Information supplied:
————————
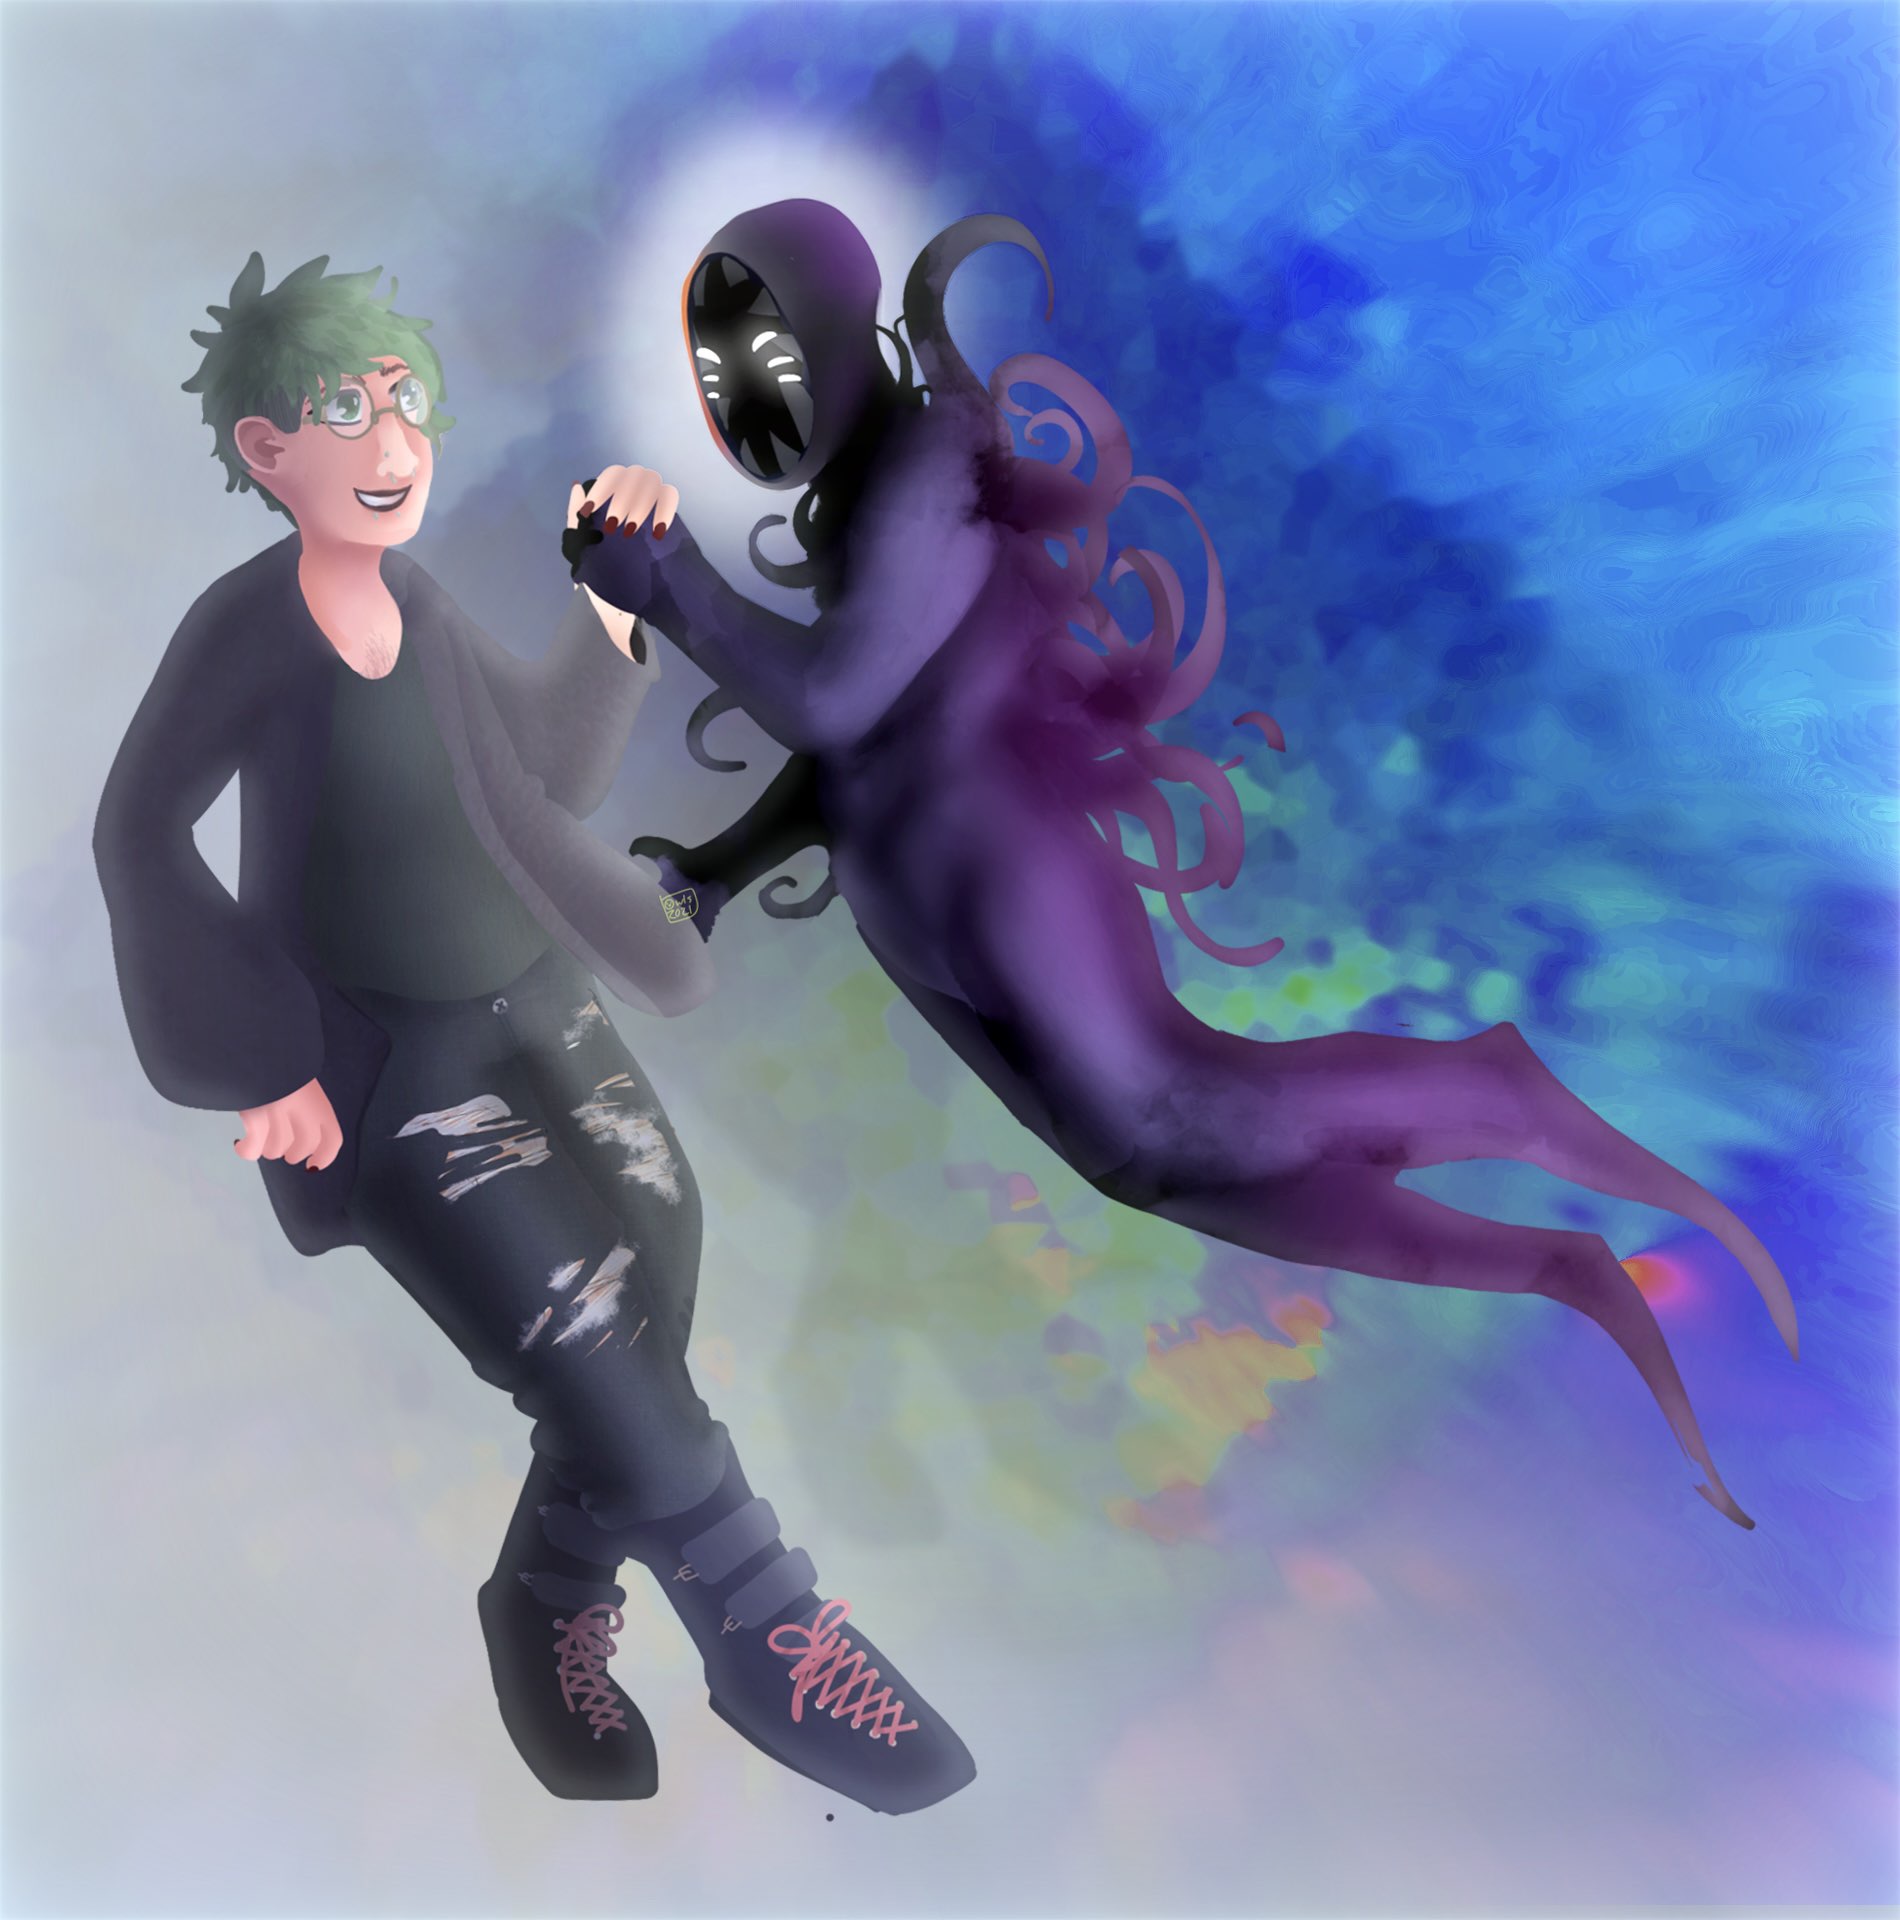 An eldritch humanoid holding hands with a green-haired human.
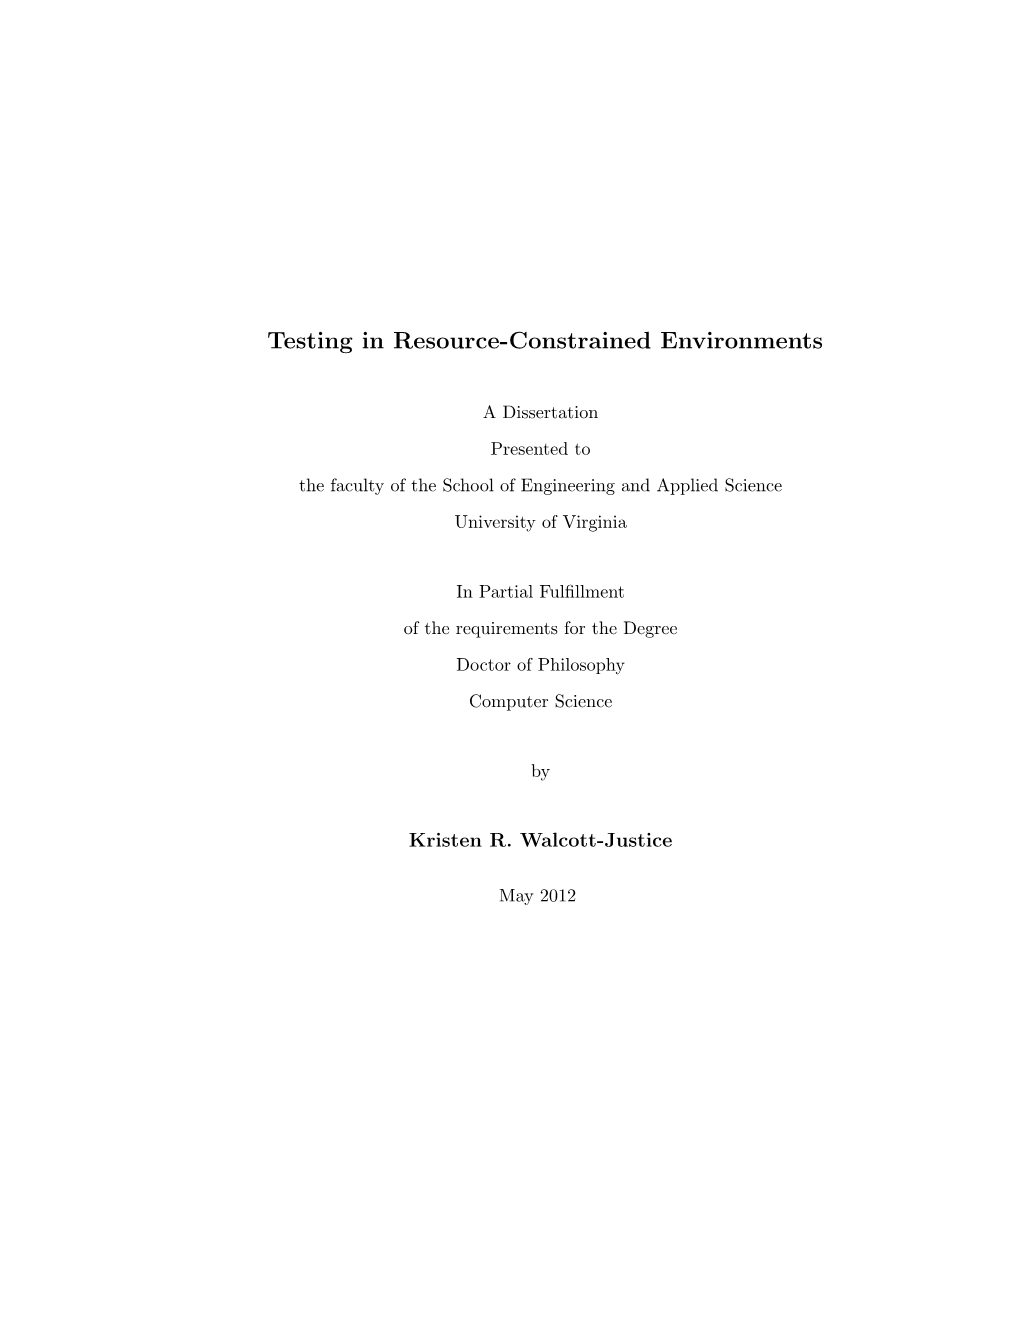 Testing in Resource-Constrained Environments
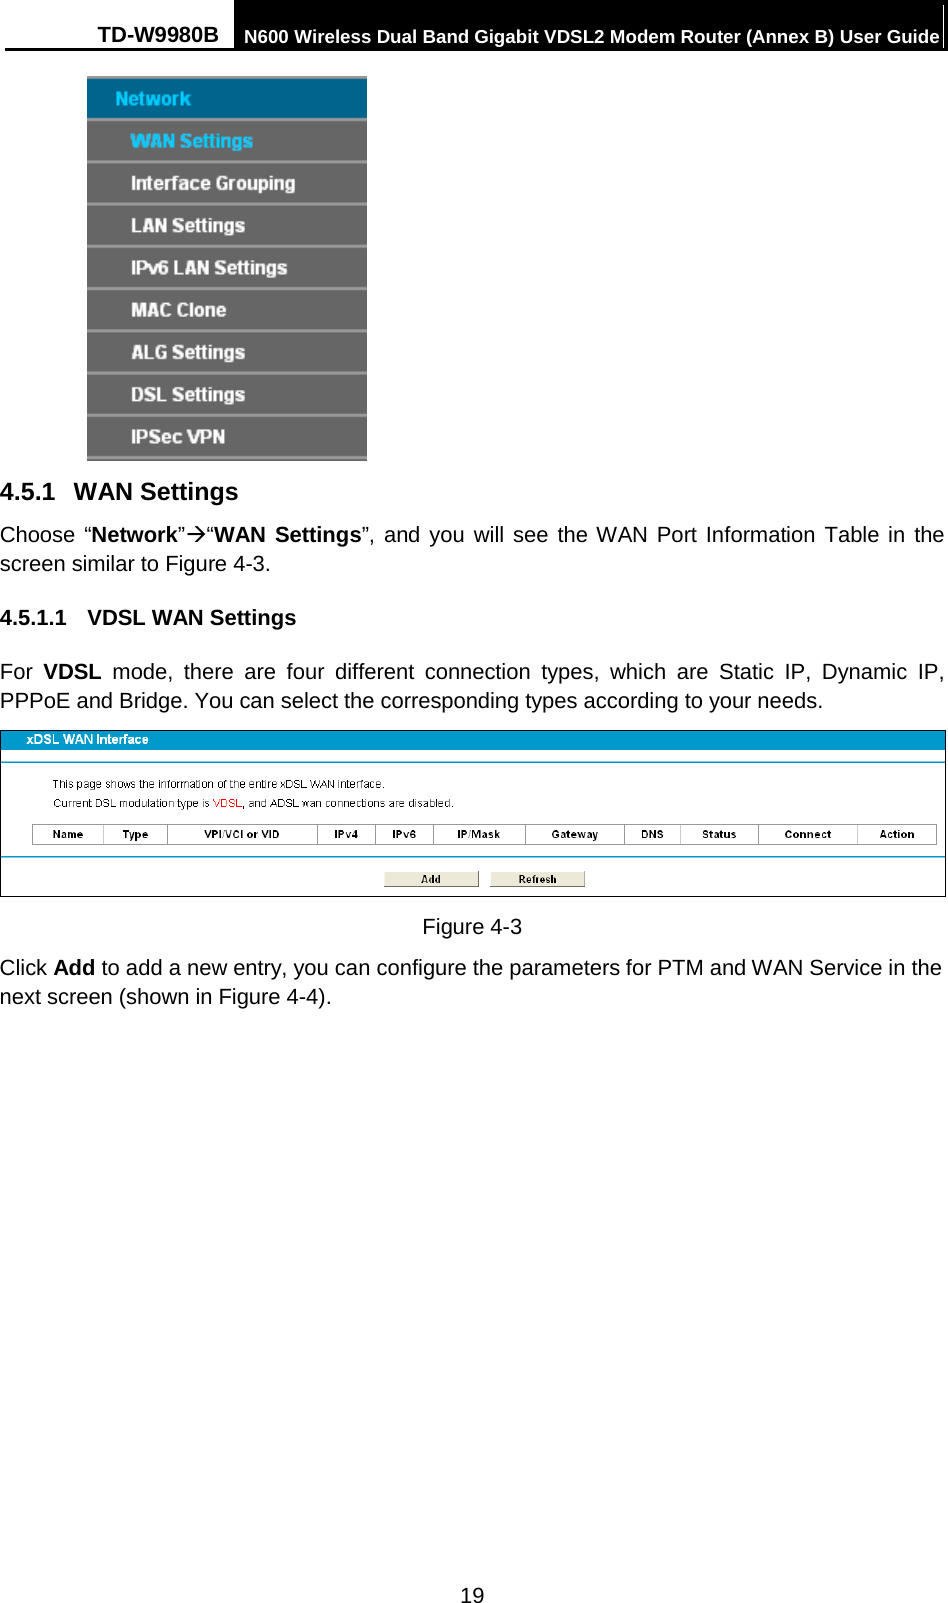 TD-W9980B N600 Wireless Dual Band Gigabit VDSL2 Modem Router (Annex B) User Guide   4.5.1 WAN Settings Choose “Network”“WAN Settings”, and you will see the WAN Port Information Table in the screen similar to Figure 4-3.   4.5.1.1  VDSL WAN Settings For  VDSL mode, there are four different connection types, which are Static IP,  Dynamic IP, PPPoE and Bridge. You can select the corresponding types according to your needs.    Figure 4-3 Click Add to add a new entry, you can configure the parameters for PTM and WAN Service in the next screen (shown in Figure 4-4). 19 
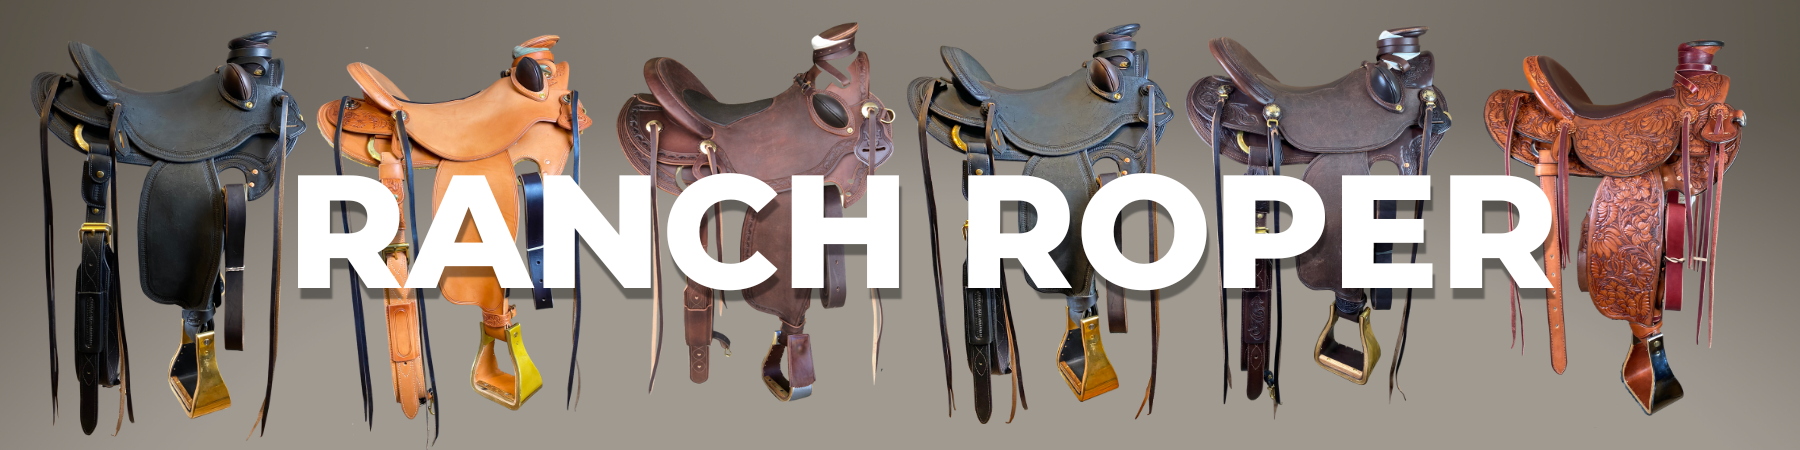 ranch roper saddle overview
————————
Work item:
Type the listing above out again exactly, and omit all pictures.

Your response:
 An eldritch humanoid holding hands with a green-haired human.
 Testing in Resource-Constrained Environments
 TD-W9980B N600 Wireless Dual Band Gigabit VDSL2 Modem Router (Annex B) User Guide   4.5.1 WAN Settings Choose “Network”“WAN Settings”, and you will see the WAN Port Information Table in the screen similar to Figure 4-3.   4.5.1.1  VDSL WAN Settings For  VDSL mode, there are four different connection types, which are Static IP,  Dynamic IP, PPPoE and Bridge. You can select the corresponding types according to your needs.    Figure 4-3 Click Add to add a new entry, you can configure the parameters for PTM and WAN Service in the next screen (shown in Figure 4-4). 19 
 ranch roper saddle overview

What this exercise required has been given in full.